Giant Electromagnet’s 3,200-Mile Trek To Fermilab Nearly Finished
LEMONT, Ill. (CBS) — After a 3,200-mile, $3 million voyage – via the Atlantic Ocean, the Gulf of Mexico, and the Mississippi River – a giant superconducting magnet is almost at its new home at Fermilab.
Known as the Muon g-2 storage ring, the electromagnet will be used to study muons, subatomic particles with a lifetime of only 2.2 millionths of a second, in hopes of discovering subatomic particles hidden in the vacuum.
WBBM Newsradio’s John Cody reports the 50-foot circular electromagnet – as sensitive as a 50-foot ring of glass – began its journey from Long Island on June 22.
Because it requires a rolling roadblock five lanes wide, it was first placed on a barge and shipped down the Atlantic Coast, through the Gulf of Mexico, then up the Mississippi River.
It was unloaded Saturday after the barge arrived in Lemont, in the Chicago Sanitary and Ship Canal.
Emmert International heavy movers will handle the shipping of the giant magnet from Lemont to Batavia.
It will begin its final land voyage Tuesday night along Lemont Road. It will be moved at night to minimize traffic disruption caused by the rolling roadblock that will take up five lanes of traffic.
Wednesday night, it will be shipped along I-355, north to Route 56. Thursday night it will travel Route 53 south to I-88 West, arriving Friday at Fermilab in Batavia. just in time for a welcoming party that afternoon.
Illlinois State Police, DuPage County Sheriff’s police and other police agencies will escort the truck.
“We have ISP, we have DuPage County, and several of the local municipalities.
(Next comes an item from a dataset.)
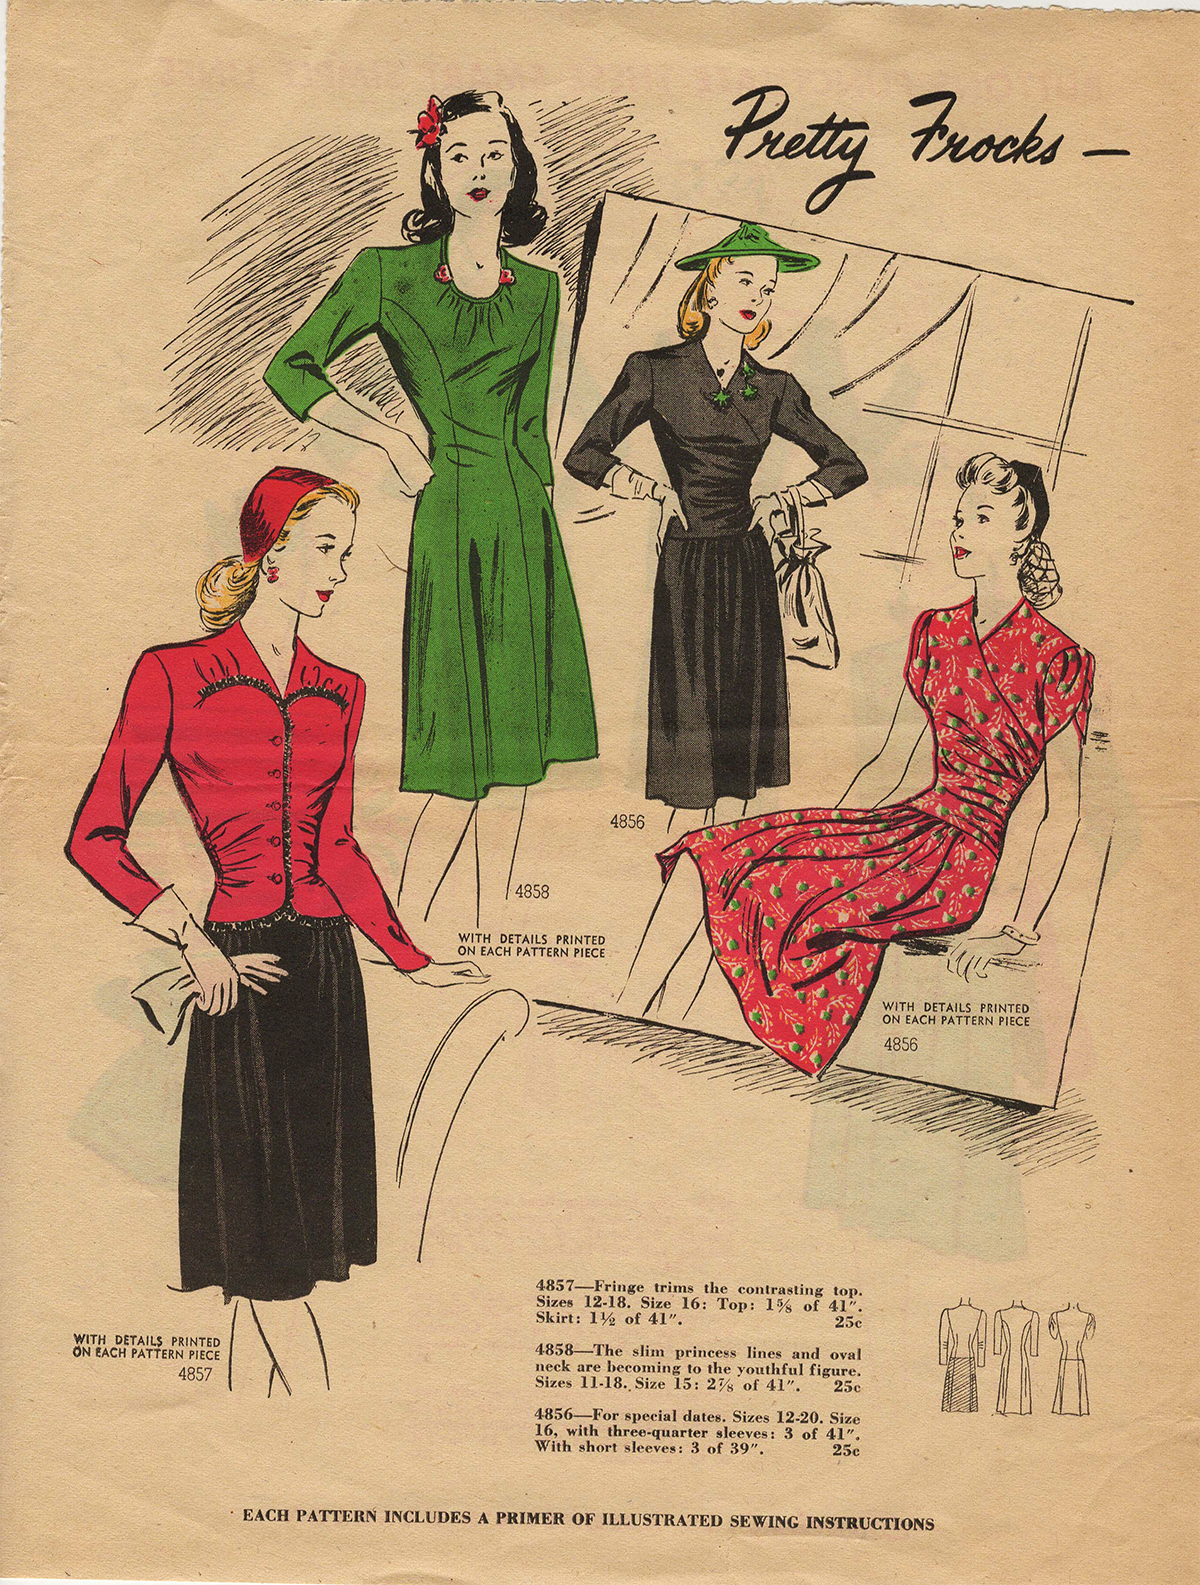 The Closet Historian: Prevue Simplicity January 1944
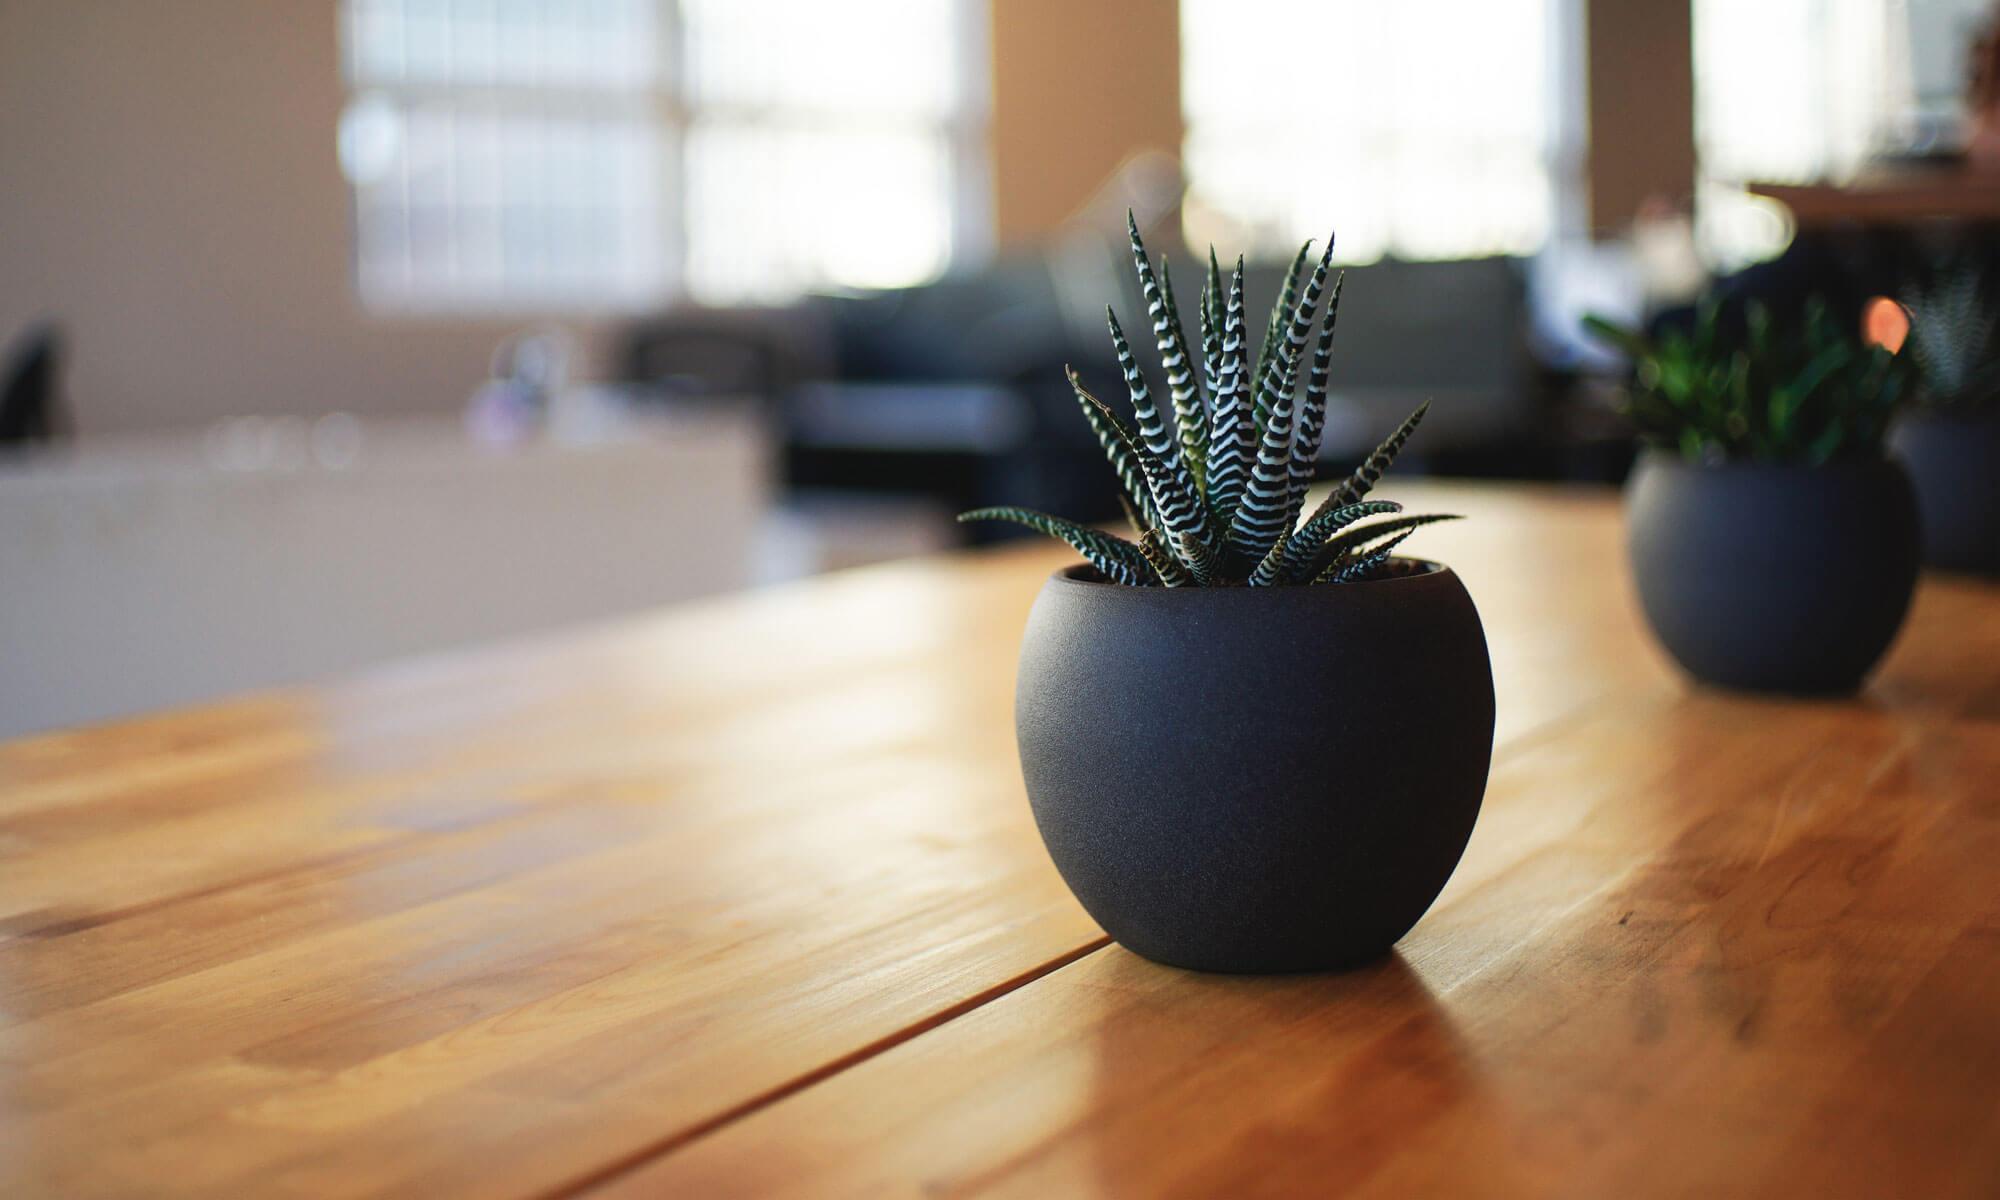 SEEDPLACE(シードプレイス)- 多摩地域の次世代の共創型シェアオフィス

We’ll probably have 15 to 18 different police cars each night, escorting us,” said Emmert International vice president Terry Emmert Jr.
He said the delicate, 17-ton ring can’t be allowed to flex more than 2 millimeters – less than a tenth of an inch – and will travel no faster than 10 miles an hour.
Dr. Bradley Roberts, a Boston University physics professor helping lead the Fermilab experiment, said the massive magnet should be operational in about three years, when scientists hope to see if they’ve found hints of dark matter particles, for which they’ve been hunting for years.
He said the device will help measure, and maybe explain why muon magnetism seems to be slightly off by a theoretical value of two.
“That difference with two arises because of the virtual quantum particles fluctuating in and out of the vacuum, so they appear and disappear, but they change the muon’s magnetism,” Bradley said.
That might point to the existence of as-yet-undiscovered particles, maybe even dark matter.